Bakar Musala Gegara Sakit Hati, Pria di Palembang Ditangkap Polisi

M Syahbana - detikNews
Rabu, 17 Mar 2021 10:16 WIB
Saddaq saat berada di Polda Sumsel (Syahbana-detikcom)
Saddaq saat berada di Polda Sumsel. (Syahbana/detikcom)
Palembang -

Seorang pria di Palembang, M Saddaq (44), ditangkap polisi setelah membakar musala. Saddaq mengaku pembakaran musala dilakukan karena sakit hati kepada pengurus musala tersebut.

"Iya kita mengamankan satu tersangka pembakaran musala. Unit III yang nangkap," kata Kasubdit Jatanras Ditreskrimum Polda Sumsel, Kompol Suryadi, saat dimintai konfirmasi, Rabu (17/3/2021).

Kebakaran itu terjadi di musala yang berada di kawasan permukiman padat penduduk, Jalan Depaten Baru, 28 Ilir, Ilir Barat II, Palembang, Kamis (11/3). Kebakaran itu menghanguskan musala hingga rata dengan tanah.

"Mendapat laporan tersebut, kita melakukan penyelidikan dan menangkap pelaku ini di rumahnya tak jauh-jauh dari TKP tanpa perlawanan," kata Kanit III Jatanras Polda Sumsel Kompol Junaidi.

Junaidi mengatakan Saddaq merupakan residivis. Dia disebut pernah dipenjara karena kasus penganiayaan.

"Dia ini residivis, sudah empat kali keluar masuk penjara, salah satu kasusnya yakni penganiayaan dan kepemilikan senjata tajam," ujar Junaidi.

Dia mengatakan Saddaq mengaku sakit hati kepada pengurus musala. Pembakaran itu telah direncanakan sebelumnya.

"Dari keterangan tersangka, ia nekat membakar musala itu hingga rata dengan tanah karena memiliki sakit hati dengan pengurus musala," ujarnya.

"Tersangka mengakui ia memang sudah merencanakan pembakaran mushola itu sebelumnya murni karena dendam yang tak terbendung.
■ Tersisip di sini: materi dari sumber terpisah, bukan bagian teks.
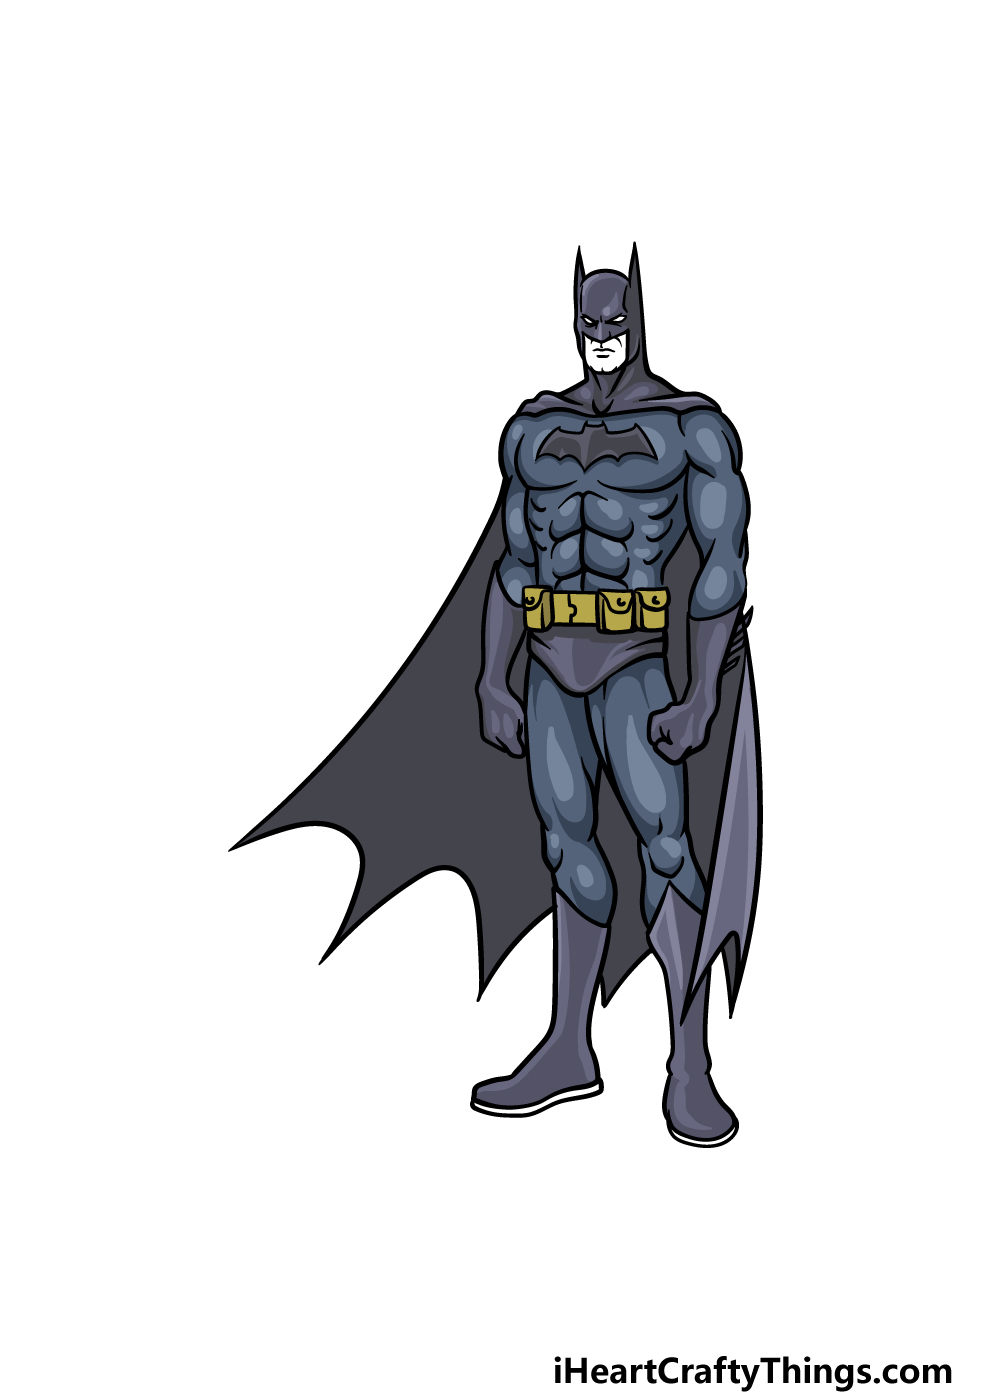 Batman cartoon pic, Batman Joker Logo - PNG IMG TREE

Ia melakukan pembakaran dengan bermodalkan korek api dan sebuah sandal bekas," sambung Junaidi.

Saddaq juga membenarkan aksi pembakaran yang dilakukannya itu. Dia mengaku membakar musala dengan membakar sandal jepit lebih dulu.

"Saya diam-diam membakar musala dengan cara membakar sandal jepit dengan sebuah korek api. Saya letakkan di sekitar TKP, perlahan api mulai membakar musala yang terbuat dari kayu berdinding papan itu, setelah itu saya langsung kabur," kata Saddaq di Polda Sumsel.

Dia mengaku kesal karena ditegur pengurus musala setelah meminjam bola lampu. Saddaq mengatakan dirinya meminjam bola lampu itu tanpa izin.

"Saya kesal, minjam bola lampu musala tanpa izin. Saya ditegurnya," ujar Saddaq.